(DATASET EXTRACT Opens)

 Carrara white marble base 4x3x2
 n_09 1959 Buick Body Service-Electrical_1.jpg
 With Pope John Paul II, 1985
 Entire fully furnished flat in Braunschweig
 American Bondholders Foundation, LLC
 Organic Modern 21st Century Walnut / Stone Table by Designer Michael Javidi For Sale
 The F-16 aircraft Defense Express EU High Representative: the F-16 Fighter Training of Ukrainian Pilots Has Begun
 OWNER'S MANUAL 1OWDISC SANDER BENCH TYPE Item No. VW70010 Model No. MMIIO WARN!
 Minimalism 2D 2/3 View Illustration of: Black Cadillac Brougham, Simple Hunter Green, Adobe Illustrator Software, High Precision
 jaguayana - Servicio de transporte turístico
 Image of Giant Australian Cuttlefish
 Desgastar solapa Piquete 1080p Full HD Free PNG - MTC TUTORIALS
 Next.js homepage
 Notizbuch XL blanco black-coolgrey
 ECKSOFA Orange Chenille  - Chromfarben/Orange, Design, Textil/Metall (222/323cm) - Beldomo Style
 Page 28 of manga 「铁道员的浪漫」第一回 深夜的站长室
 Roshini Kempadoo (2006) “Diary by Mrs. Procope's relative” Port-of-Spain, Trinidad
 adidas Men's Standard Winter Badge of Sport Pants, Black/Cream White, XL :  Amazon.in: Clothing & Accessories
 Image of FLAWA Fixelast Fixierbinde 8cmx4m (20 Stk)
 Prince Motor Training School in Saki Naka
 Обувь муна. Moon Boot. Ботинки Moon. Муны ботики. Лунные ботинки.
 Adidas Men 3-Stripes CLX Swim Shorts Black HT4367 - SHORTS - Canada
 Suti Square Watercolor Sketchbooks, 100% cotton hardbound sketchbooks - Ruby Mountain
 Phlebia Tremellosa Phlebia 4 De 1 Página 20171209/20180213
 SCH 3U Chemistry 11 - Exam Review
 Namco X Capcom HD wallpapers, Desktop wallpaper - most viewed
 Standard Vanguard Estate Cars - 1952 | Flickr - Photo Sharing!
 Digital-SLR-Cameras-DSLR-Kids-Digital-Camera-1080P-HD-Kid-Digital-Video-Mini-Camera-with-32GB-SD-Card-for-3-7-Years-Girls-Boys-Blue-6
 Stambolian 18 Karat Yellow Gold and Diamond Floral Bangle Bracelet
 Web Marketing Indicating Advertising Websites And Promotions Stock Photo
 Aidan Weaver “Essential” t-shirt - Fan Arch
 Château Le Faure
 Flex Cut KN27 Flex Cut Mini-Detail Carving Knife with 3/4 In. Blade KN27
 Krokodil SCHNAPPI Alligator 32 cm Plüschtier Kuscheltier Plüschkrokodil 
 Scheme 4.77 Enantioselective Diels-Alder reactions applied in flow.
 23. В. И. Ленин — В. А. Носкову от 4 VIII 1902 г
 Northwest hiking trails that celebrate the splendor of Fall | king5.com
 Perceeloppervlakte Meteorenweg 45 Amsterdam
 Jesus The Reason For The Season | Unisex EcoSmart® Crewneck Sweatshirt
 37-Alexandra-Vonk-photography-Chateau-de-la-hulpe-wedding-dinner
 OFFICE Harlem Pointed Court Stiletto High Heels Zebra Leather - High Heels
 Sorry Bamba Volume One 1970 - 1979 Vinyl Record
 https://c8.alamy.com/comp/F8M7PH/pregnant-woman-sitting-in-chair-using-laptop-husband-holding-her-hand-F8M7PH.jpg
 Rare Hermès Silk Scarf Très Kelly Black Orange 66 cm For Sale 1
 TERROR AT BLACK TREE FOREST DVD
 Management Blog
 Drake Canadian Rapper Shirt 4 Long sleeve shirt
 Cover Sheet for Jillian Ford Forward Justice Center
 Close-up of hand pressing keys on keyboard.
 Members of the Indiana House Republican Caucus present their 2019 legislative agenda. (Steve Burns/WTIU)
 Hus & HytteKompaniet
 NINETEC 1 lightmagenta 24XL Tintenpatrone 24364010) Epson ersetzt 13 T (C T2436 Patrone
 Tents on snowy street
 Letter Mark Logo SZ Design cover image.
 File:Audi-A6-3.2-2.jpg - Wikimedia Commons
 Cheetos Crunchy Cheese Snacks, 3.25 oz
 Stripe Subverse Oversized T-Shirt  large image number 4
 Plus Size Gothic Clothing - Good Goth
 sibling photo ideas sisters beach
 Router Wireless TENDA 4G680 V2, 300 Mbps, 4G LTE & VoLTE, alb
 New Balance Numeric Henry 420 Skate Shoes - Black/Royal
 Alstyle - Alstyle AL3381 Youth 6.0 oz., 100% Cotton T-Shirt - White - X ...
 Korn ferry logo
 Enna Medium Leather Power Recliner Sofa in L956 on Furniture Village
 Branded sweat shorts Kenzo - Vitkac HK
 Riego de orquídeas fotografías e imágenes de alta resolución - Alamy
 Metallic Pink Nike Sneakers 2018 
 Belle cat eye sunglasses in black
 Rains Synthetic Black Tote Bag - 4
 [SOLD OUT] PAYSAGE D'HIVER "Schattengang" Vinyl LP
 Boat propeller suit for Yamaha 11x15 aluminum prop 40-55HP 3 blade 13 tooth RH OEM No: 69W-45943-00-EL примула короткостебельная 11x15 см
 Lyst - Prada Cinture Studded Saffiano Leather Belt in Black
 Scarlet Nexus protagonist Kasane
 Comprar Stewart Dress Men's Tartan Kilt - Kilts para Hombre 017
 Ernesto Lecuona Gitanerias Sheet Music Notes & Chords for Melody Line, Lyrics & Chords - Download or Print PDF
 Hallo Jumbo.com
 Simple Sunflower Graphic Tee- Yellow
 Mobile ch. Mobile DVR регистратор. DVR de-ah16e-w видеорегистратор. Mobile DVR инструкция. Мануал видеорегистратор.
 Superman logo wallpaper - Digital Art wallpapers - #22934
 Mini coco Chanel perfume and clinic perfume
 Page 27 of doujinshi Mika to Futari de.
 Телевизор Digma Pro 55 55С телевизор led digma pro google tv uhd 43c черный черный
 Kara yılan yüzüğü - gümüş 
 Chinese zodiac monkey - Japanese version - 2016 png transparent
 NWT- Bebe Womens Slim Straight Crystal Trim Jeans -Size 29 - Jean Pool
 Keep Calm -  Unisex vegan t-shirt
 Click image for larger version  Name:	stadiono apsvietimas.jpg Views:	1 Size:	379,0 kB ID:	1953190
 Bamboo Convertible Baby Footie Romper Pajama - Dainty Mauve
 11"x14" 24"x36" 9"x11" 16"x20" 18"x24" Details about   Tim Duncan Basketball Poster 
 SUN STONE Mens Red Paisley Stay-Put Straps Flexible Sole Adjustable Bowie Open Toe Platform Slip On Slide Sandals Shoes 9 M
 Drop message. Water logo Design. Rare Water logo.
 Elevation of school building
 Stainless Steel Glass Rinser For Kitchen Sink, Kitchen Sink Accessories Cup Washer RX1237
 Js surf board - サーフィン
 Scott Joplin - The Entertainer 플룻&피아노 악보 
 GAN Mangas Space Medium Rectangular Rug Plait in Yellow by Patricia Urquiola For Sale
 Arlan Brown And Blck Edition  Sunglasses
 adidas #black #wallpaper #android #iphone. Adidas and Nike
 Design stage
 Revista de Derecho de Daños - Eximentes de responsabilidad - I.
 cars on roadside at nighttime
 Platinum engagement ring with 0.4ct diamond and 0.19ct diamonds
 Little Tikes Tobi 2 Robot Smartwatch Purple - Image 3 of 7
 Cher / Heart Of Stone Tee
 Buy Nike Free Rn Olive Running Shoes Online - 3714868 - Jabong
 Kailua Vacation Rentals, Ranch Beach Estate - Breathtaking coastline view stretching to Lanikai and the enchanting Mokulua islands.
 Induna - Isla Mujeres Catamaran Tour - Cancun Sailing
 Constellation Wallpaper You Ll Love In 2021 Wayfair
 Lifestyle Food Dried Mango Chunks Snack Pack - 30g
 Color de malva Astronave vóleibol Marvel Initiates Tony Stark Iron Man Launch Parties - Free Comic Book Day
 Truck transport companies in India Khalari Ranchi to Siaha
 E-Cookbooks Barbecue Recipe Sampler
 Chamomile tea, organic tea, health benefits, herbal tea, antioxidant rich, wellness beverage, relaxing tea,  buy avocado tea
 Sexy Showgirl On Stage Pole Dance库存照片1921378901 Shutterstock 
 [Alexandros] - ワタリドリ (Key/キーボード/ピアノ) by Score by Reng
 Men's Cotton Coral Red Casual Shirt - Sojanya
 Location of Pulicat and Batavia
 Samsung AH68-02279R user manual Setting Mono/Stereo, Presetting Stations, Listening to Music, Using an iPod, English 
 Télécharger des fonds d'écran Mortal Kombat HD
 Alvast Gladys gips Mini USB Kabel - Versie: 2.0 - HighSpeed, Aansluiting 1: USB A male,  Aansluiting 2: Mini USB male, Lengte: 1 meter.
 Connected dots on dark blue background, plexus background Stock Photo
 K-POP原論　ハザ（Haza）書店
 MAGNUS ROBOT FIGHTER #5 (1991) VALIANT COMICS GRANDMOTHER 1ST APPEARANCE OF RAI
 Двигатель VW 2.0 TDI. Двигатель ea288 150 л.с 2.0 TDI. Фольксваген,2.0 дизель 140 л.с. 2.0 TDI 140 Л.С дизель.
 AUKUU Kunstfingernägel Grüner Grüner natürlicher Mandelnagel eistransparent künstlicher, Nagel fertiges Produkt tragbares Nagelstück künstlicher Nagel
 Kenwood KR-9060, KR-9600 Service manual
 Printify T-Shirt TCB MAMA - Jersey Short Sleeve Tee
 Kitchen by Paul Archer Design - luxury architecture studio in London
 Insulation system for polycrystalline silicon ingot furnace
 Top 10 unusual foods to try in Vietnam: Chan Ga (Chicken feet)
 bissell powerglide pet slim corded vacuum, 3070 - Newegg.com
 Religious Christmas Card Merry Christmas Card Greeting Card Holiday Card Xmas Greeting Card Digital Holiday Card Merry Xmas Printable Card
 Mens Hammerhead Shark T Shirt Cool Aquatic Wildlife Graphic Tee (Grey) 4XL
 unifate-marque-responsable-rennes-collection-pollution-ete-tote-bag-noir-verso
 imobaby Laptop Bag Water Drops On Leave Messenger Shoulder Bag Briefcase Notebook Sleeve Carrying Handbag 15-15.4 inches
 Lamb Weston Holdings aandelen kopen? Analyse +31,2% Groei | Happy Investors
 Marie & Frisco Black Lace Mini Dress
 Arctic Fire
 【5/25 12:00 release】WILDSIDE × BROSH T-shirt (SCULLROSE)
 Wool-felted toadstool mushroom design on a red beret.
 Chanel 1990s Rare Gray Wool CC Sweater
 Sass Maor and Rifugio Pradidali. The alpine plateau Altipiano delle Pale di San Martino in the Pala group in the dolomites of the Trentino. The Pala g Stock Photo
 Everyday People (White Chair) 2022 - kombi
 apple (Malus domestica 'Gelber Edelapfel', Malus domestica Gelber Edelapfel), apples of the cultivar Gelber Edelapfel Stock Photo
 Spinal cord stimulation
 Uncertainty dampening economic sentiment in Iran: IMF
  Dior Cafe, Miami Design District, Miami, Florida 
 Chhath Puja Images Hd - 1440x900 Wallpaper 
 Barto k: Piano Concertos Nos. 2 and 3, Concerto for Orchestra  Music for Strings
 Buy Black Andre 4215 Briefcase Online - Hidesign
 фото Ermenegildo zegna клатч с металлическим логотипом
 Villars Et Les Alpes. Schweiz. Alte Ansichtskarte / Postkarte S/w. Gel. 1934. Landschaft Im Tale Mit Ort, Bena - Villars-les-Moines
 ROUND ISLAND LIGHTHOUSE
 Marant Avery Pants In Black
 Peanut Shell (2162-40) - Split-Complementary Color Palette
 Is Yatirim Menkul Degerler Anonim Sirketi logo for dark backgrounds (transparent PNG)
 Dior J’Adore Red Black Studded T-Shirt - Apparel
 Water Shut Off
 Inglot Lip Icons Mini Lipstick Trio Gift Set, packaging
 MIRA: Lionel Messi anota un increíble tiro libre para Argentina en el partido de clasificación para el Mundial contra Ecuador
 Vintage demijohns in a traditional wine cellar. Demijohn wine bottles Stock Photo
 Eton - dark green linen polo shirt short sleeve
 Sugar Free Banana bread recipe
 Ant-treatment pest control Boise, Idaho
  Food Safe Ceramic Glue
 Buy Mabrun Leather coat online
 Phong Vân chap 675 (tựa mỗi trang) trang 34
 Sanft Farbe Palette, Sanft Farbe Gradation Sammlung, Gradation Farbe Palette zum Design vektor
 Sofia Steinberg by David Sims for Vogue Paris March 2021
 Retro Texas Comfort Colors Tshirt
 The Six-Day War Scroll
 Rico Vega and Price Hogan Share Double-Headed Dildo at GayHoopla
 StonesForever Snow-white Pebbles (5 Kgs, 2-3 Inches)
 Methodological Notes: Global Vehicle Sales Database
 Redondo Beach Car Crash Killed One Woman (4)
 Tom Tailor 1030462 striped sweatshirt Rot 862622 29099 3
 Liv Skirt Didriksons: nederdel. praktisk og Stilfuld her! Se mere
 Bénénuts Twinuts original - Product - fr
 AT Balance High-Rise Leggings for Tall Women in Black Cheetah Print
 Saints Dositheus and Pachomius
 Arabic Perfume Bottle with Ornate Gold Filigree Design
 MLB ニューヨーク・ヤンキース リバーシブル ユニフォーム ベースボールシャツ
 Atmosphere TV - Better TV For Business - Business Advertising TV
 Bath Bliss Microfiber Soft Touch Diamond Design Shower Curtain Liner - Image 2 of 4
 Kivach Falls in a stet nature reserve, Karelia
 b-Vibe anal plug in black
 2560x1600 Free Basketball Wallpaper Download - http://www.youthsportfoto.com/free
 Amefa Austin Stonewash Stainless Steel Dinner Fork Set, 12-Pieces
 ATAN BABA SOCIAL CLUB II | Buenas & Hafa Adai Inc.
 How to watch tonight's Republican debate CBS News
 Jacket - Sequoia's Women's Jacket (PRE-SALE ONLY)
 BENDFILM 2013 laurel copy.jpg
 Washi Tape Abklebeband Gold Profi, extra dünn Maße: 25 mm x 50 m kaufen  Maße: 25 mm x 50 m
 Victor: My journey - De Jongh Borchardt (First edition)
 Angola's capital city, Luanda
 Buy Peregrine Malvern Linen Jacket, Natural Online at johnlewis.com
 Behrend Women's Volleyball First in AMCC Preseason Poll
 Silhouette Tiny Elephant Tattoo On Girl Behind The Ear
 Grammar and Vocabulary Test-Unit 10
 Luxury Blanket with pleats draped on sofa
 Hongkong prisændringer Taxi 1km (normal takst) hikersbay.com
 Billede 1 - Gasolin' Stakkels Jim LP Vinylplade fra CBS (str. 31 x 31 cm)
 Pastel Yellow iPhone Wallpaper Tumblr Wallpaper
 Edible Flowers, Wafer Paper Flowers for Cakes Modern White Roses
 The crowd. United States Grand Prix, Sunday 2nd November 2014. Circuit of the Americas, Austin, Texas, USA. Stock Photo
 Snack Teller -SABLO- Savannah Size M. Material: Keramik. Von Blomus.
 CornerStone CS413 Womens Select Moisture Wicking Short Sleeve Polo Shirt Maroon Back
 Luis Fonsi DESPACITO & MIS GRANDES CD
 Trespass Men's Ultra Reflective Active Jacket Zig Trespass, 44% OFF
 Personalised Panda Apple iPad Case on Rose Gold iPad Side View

(DATASET EXTRACT Closes)

:: WORK TO BE COMPLETED ::
All lines above that hold the string "Standard" should be copied.

:: EXERCISE SOLUTION ::
 adidas Men's Standard Winter Badge of Sport Pants, Black/Cream White, XL :  Amazon.in: Clothing & Accessories
 Standard Vanguard Estate Cars - 1952 | Flickr - Photo Sharing!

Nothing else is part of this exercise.